We are launching using Kubernetes & MySQL version is 8.0.33 Both cleanup job & batch task application are scheduled operations. Cleanup job executes every 6 hours whereas task is scheduled every hour. In Cleanup job we get executions using /tasks/executions endpoint in a paginated way sorted by task execution id in ascending order. Then we use /task/executions/{list of executionIds}?action=REMOVE_DATA,CLEANUP&schemaTarget=boot3 endpoint for cleaning up older executions. We follow this way because normal cleanup API provided by SCDF doesn't clean executions without any start/end date.

Let me know if this helps.

cppwfs commented 6 days ago

What transaction isolation level are you using for your batch application(s)?

akshaylad26 commented 6 days ago

We use default isolation level. We use hikari datasource & dont override it.

cppwfs commented 6 days ago

You may wish to consider setting the transaction isolation level of your apps to something like ISOLATION_REPEATABLE_READ as discussed in Spring Batch's Javadoc.

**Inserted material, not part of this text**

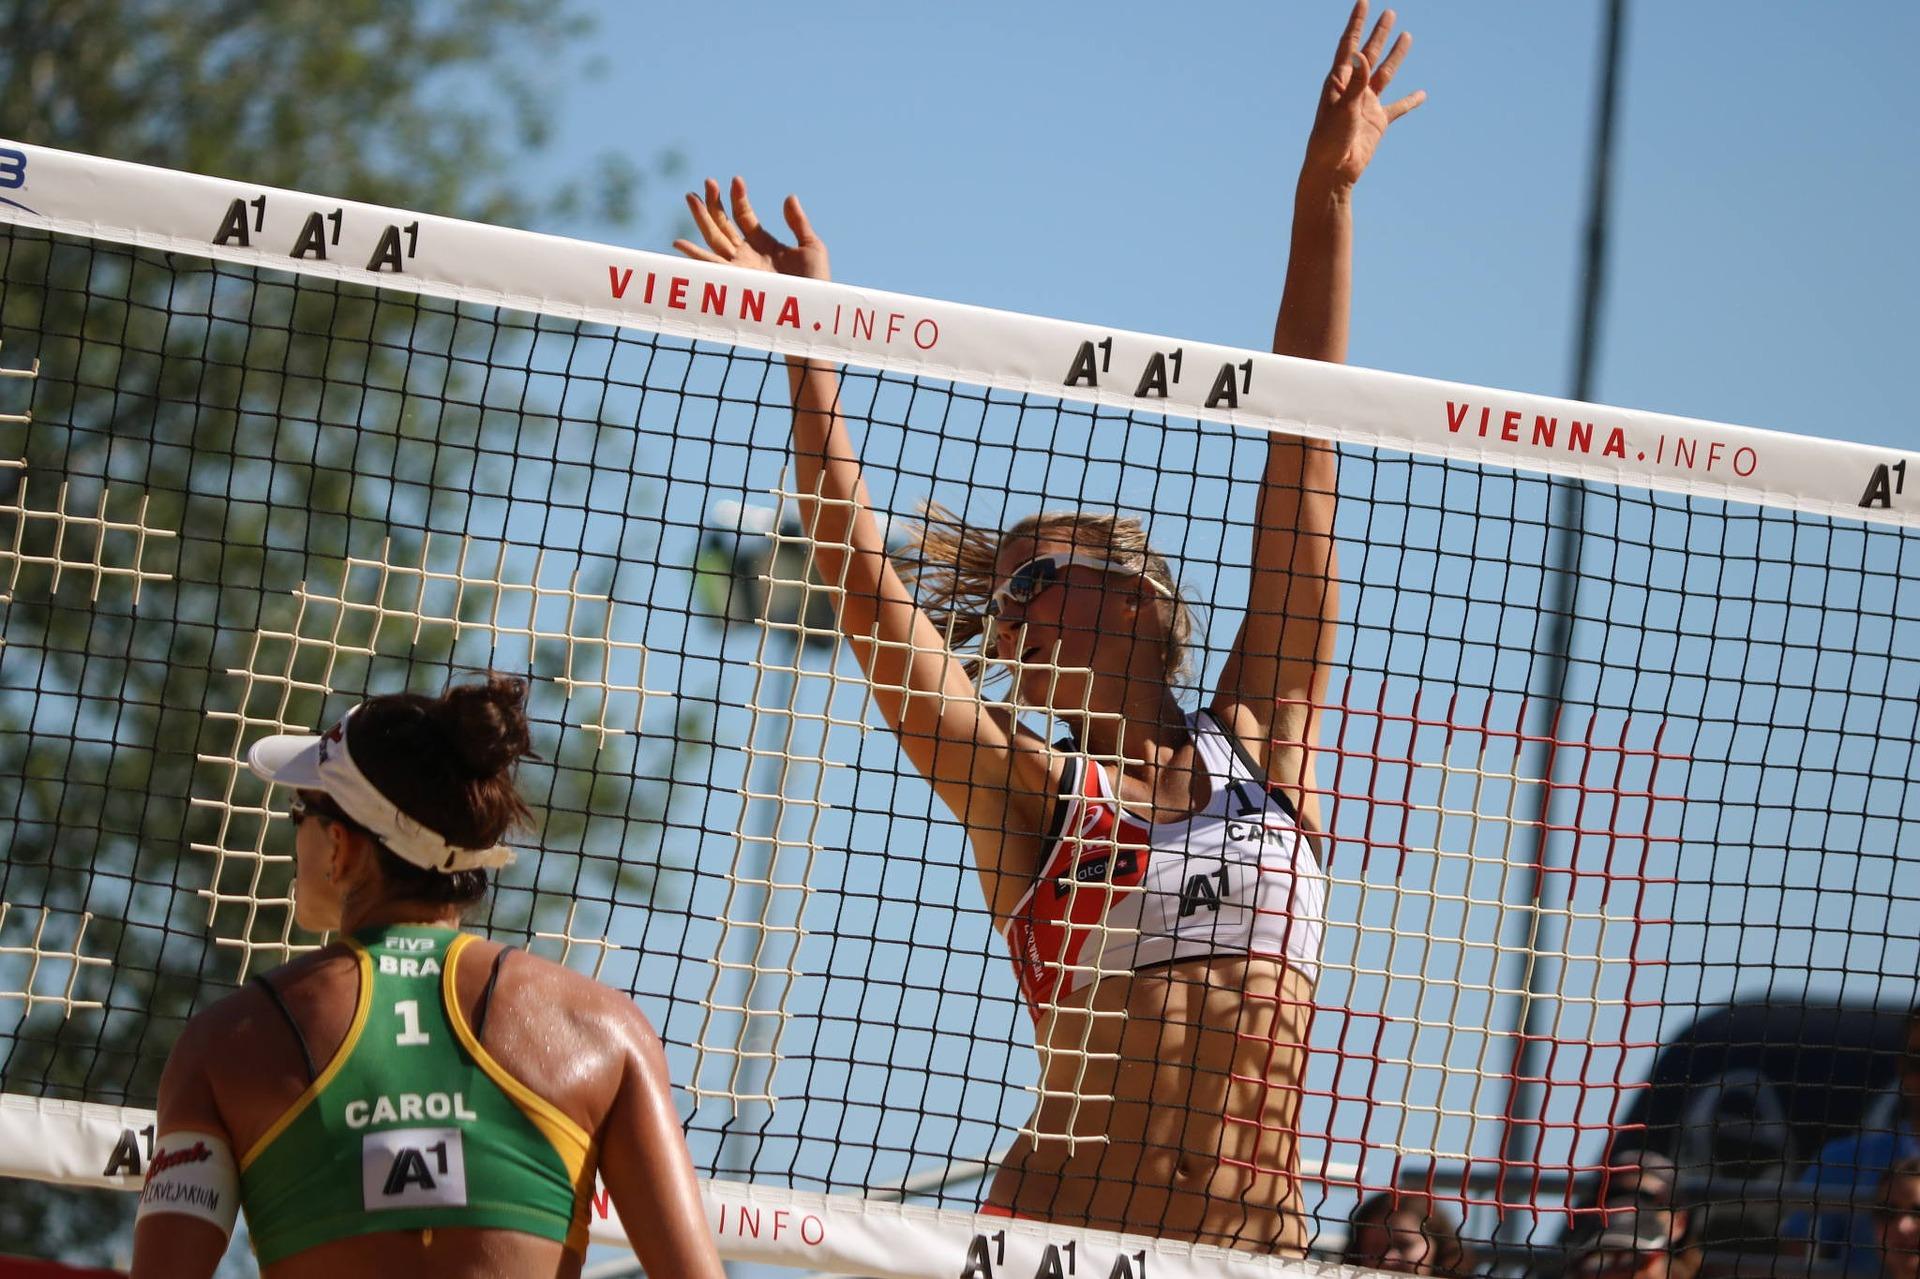 jogadora de vôlei tentando rebater a bola por cima da rede
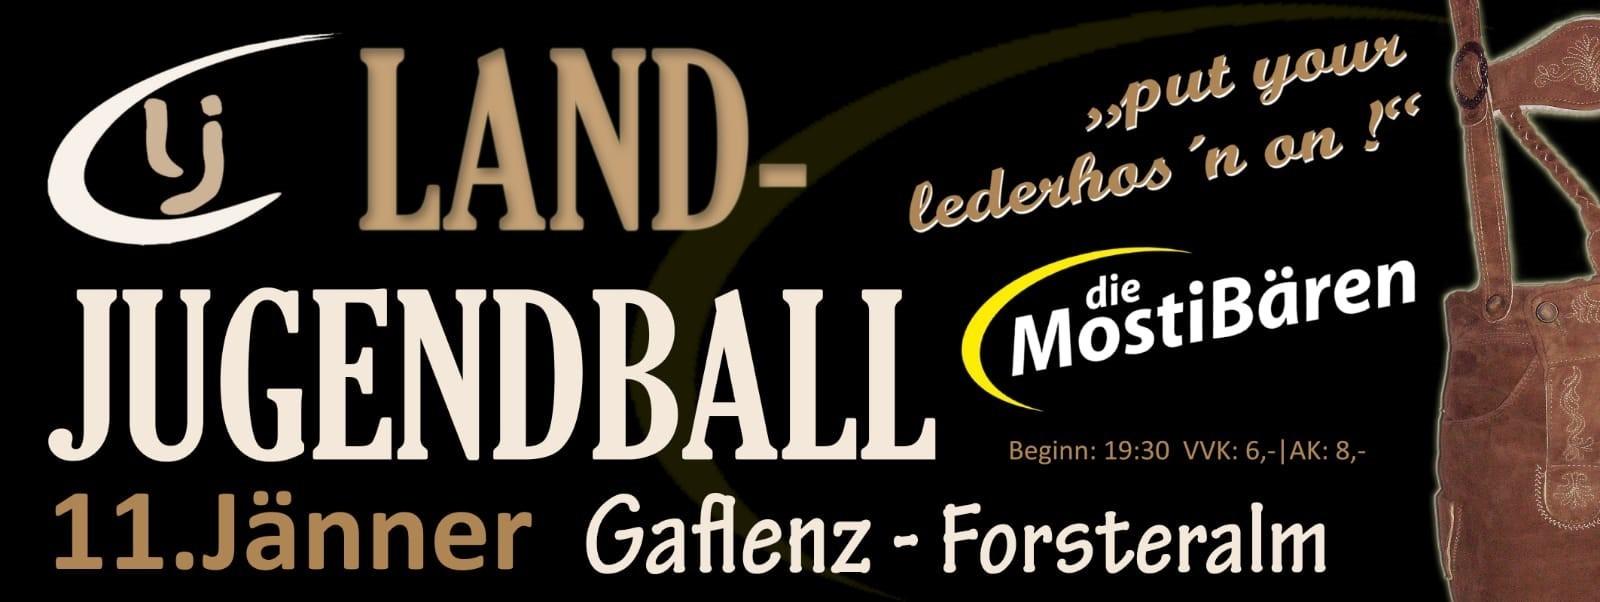 Jugendball.jpg

akshaylad26 commented 6 days ago

sure will give it a try. Thanks!

akshaylad26 commented 5 days ago

Creating new transaction with name [org.springframework.cloud.dataflow.server.service.LauncherInitializationService.initialize]: PROPAGATION_REQUIRED,ISOLATION_DEFAULT

I see this line in SCDF server DEBUG logs as well. Does this also need to be updated to ISOLATION_REPEATABLE_READ?

cppwfs commented 5 days ago

Thank you for your update! For now SCDF needs to keep its current transaction isolation level.

akshaylad26 commented 5 days ago

I just checked in our Database, its default isolation level itself is REPEATABLE_READ.

image

cppwfs commented 4 days ago

Understood. Not sure that necessarily affects the Batch apps in that it sets its own default.